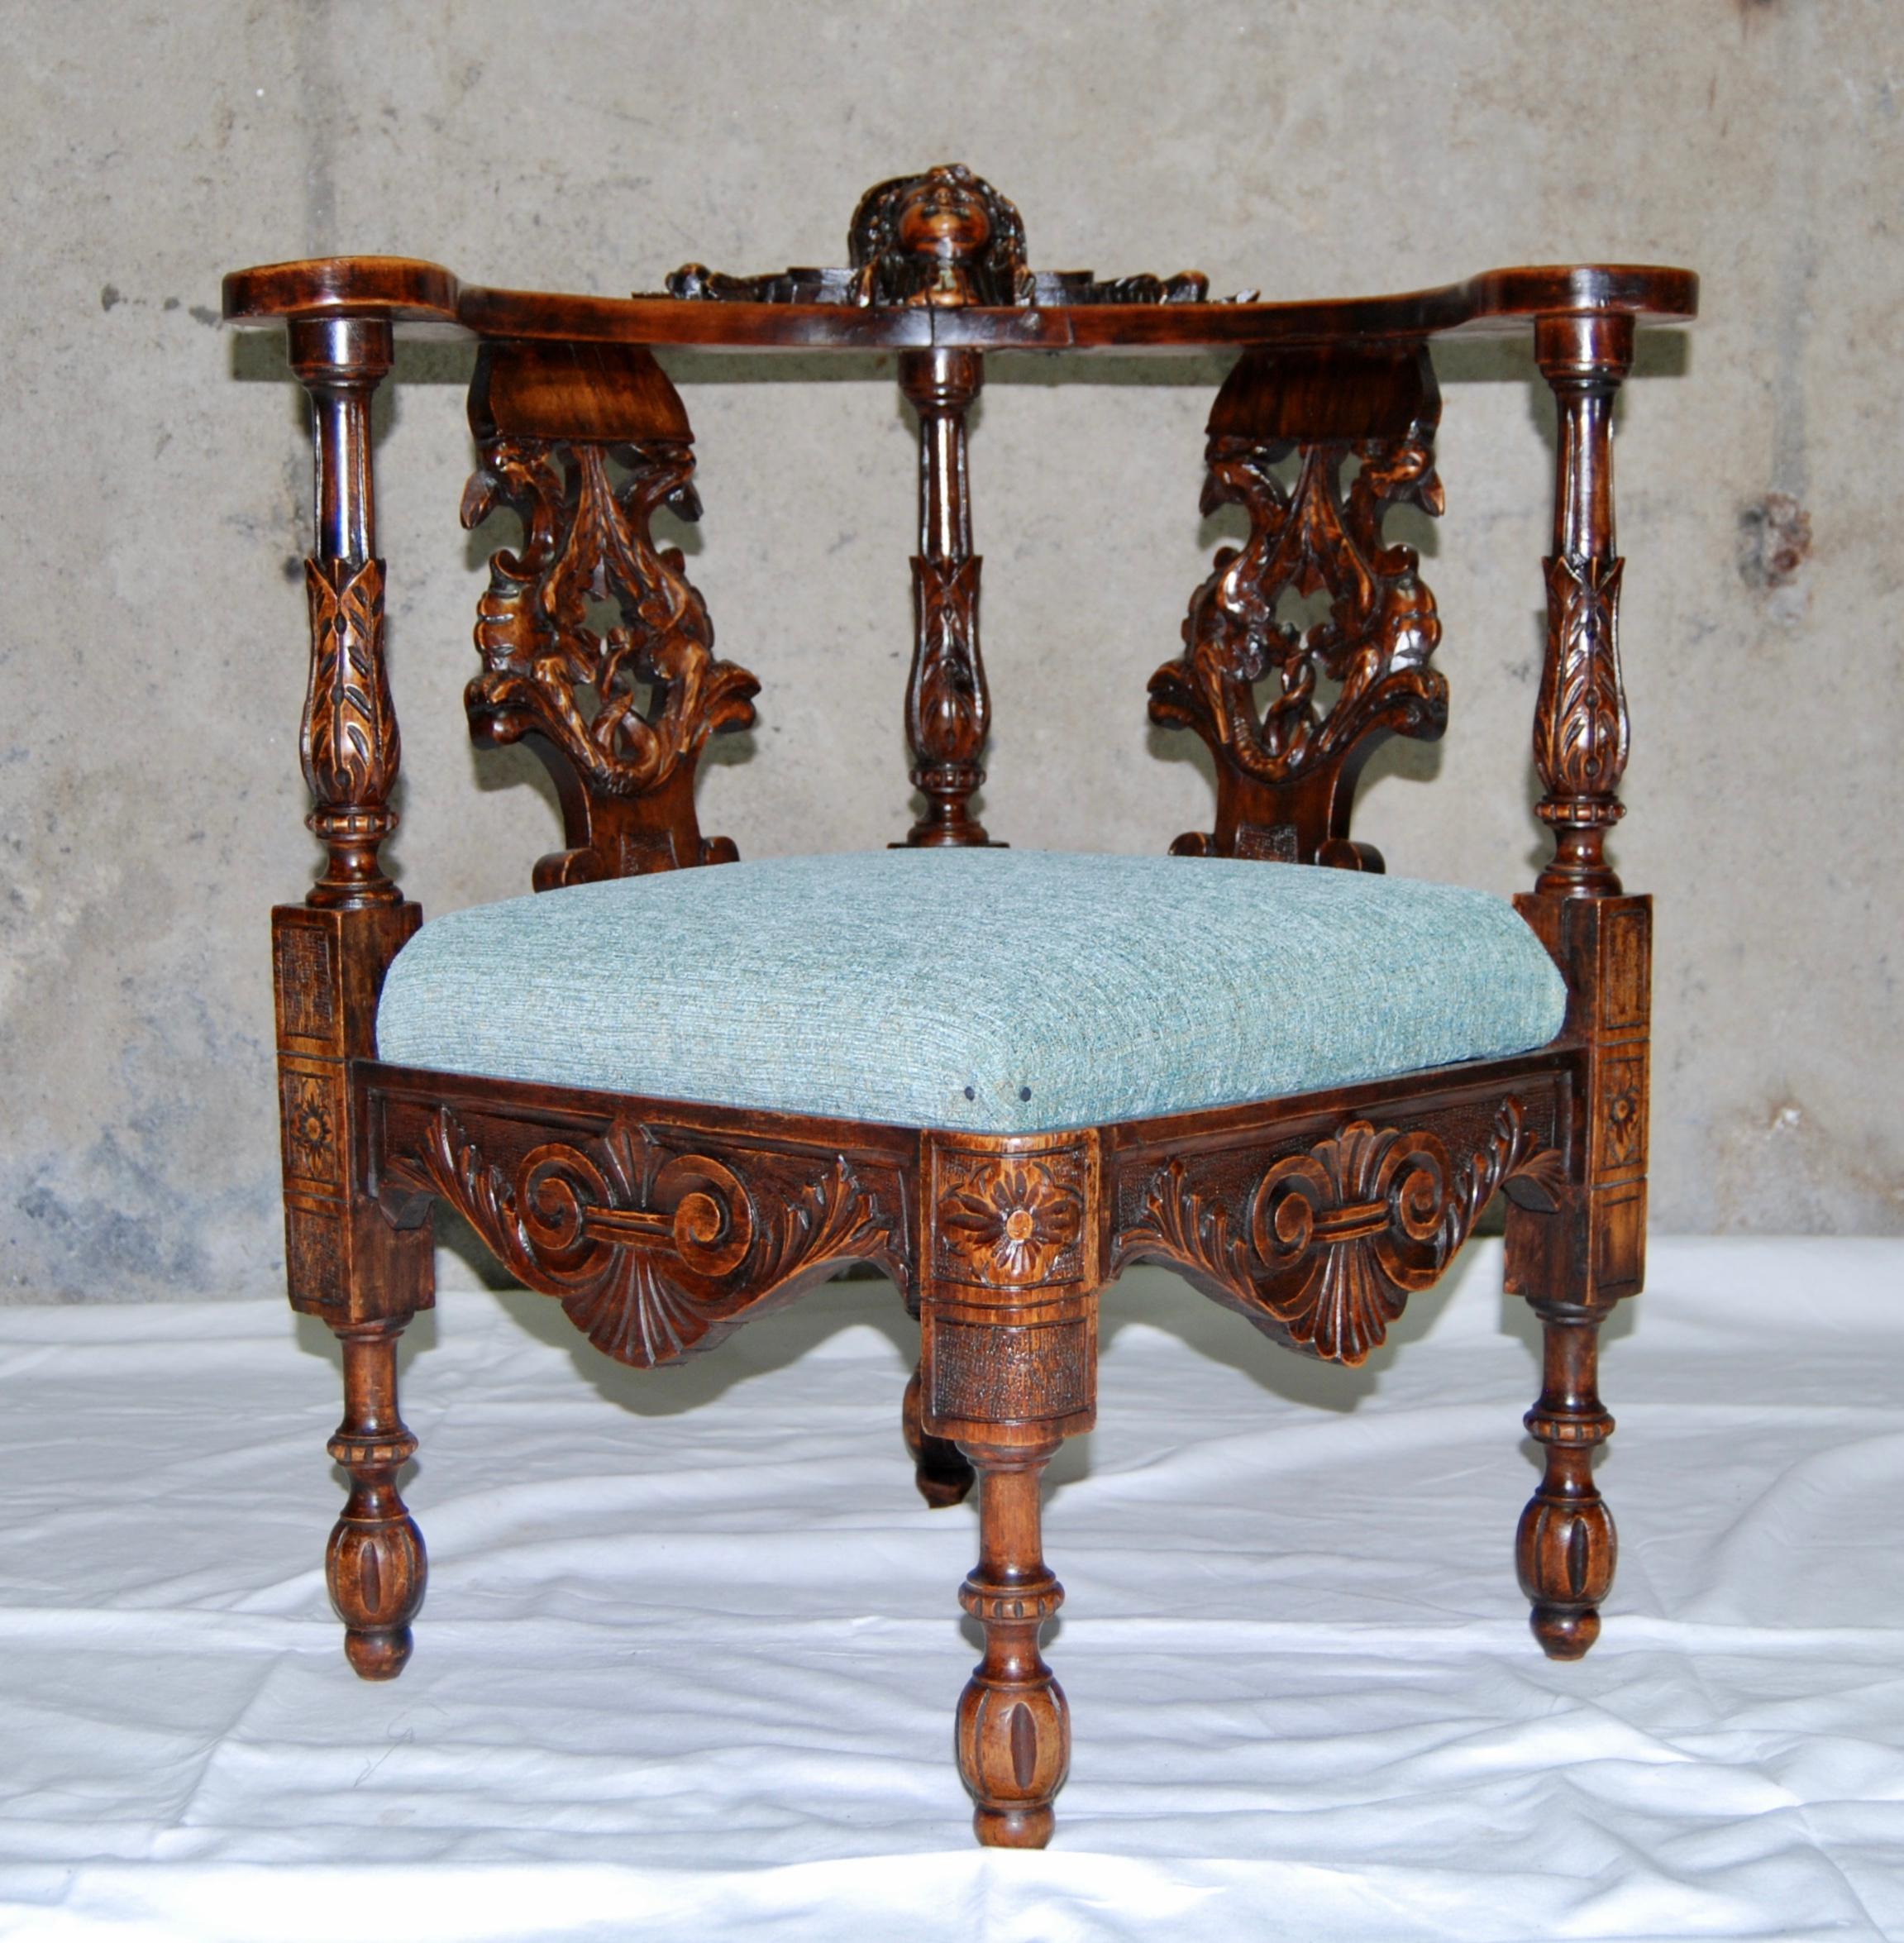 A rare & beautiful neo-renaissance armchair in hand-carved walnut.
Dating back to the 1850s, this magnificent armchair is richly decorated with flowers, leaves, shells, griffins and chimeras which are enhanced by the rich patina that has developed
--
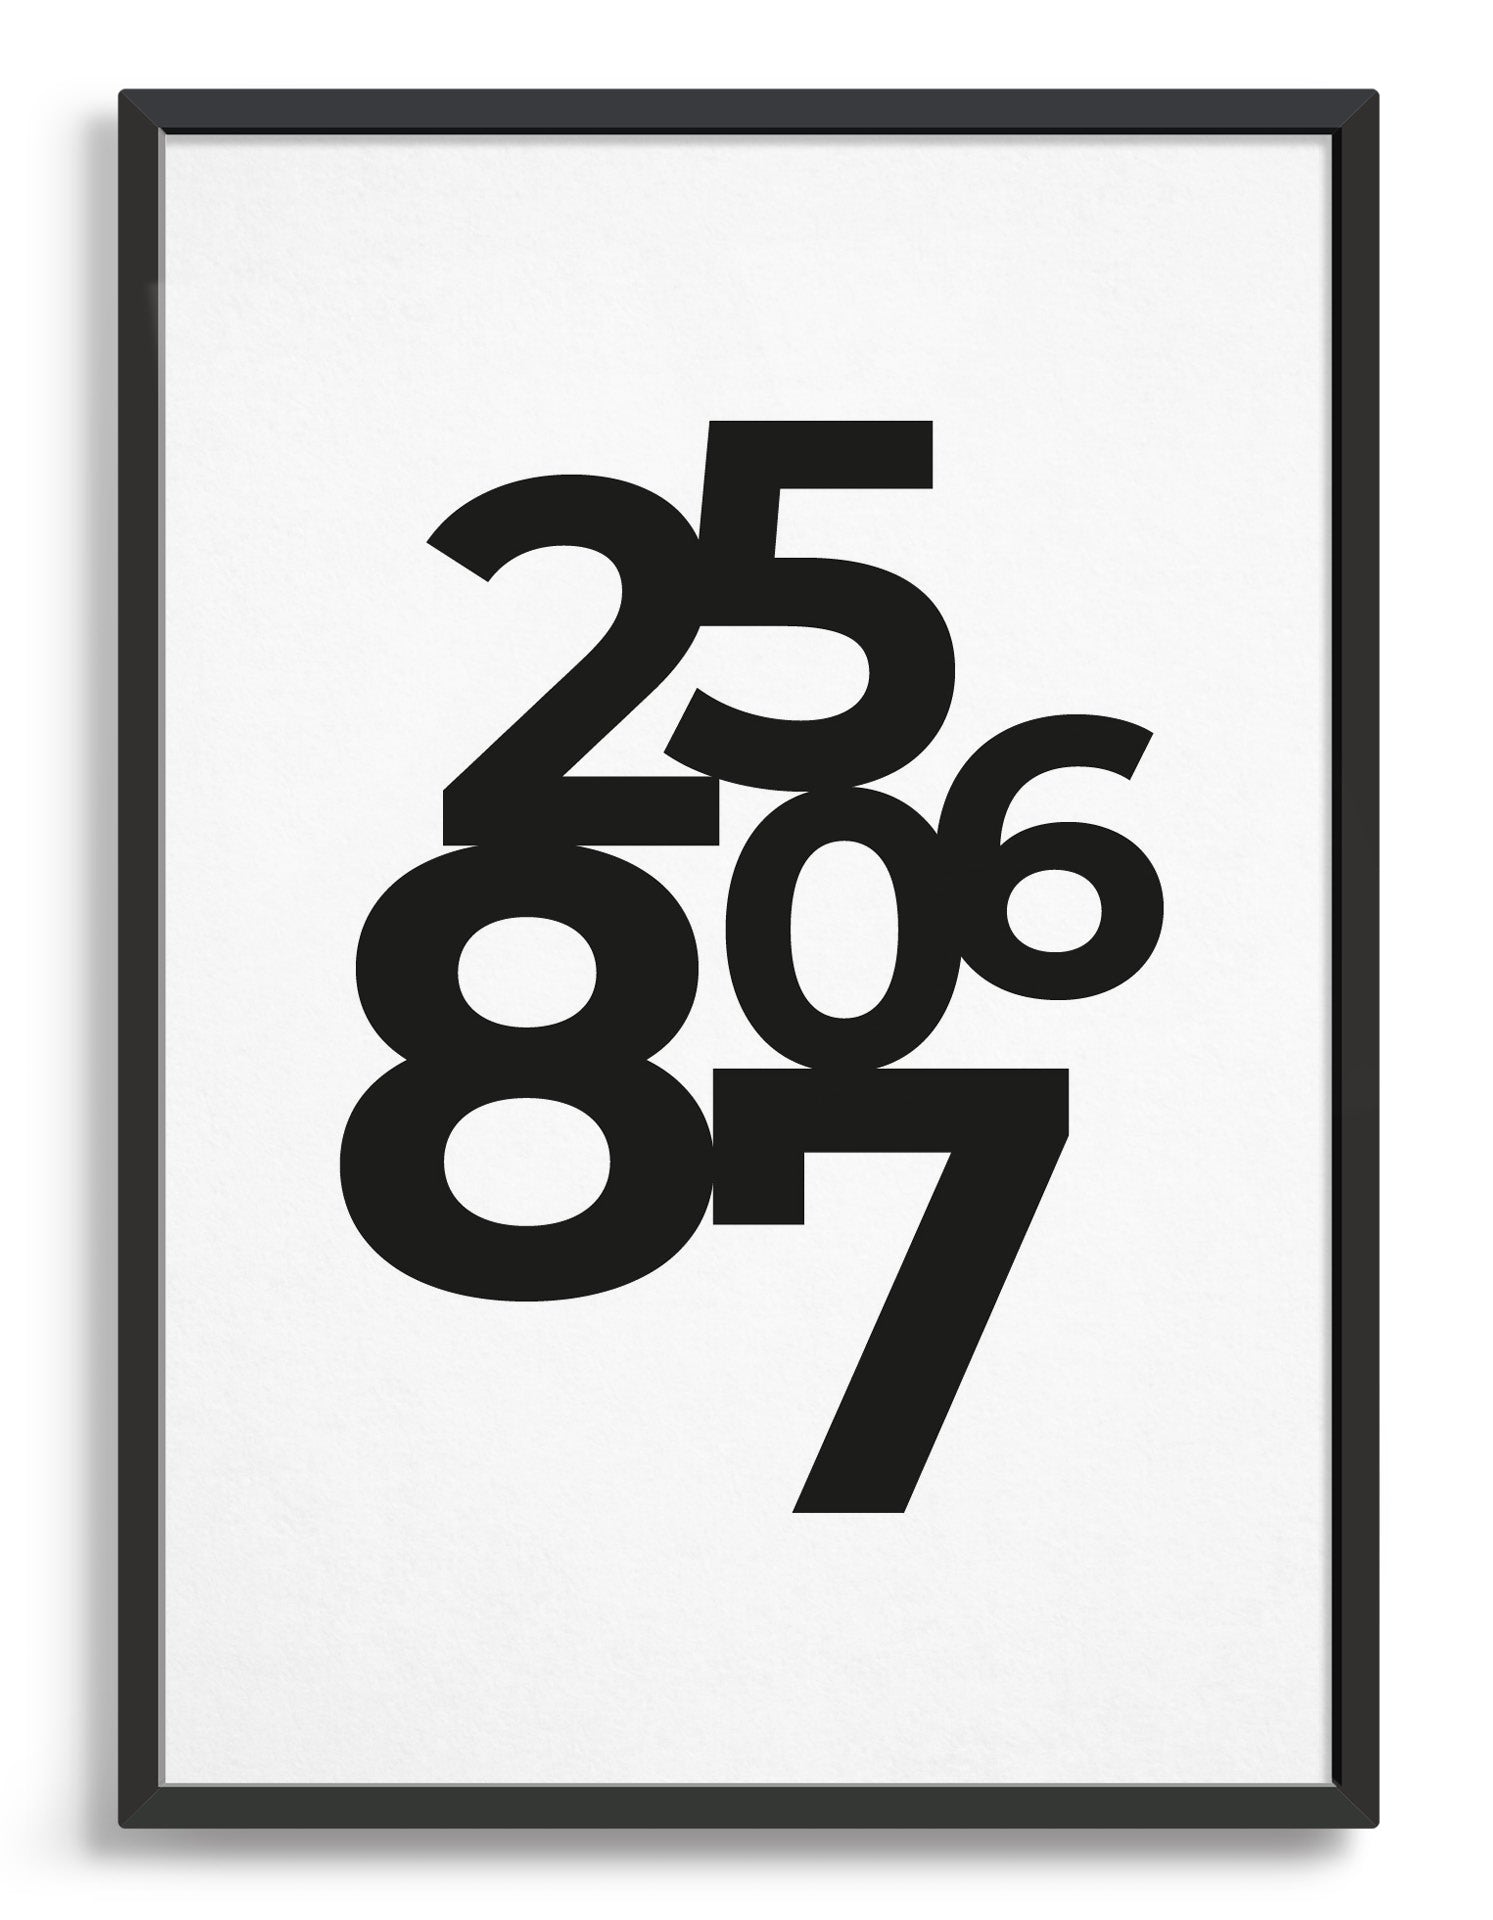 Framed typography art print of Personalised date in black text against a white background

-- Exercise goal --
Copy only what lies between the line with "A rare & beautiful" and the line with "Dating back to", those two lines included, exactly as given above; pictures stay out.

-- Task output --
 A rare & beautiful neo-renaissance armchair in hand-carved walnut.
Dating back to the 1850s, this magnificent armchair is richly decorated with flowers, leaves, shells, griffins and chimeras which are enhanced by the rich patina that has developed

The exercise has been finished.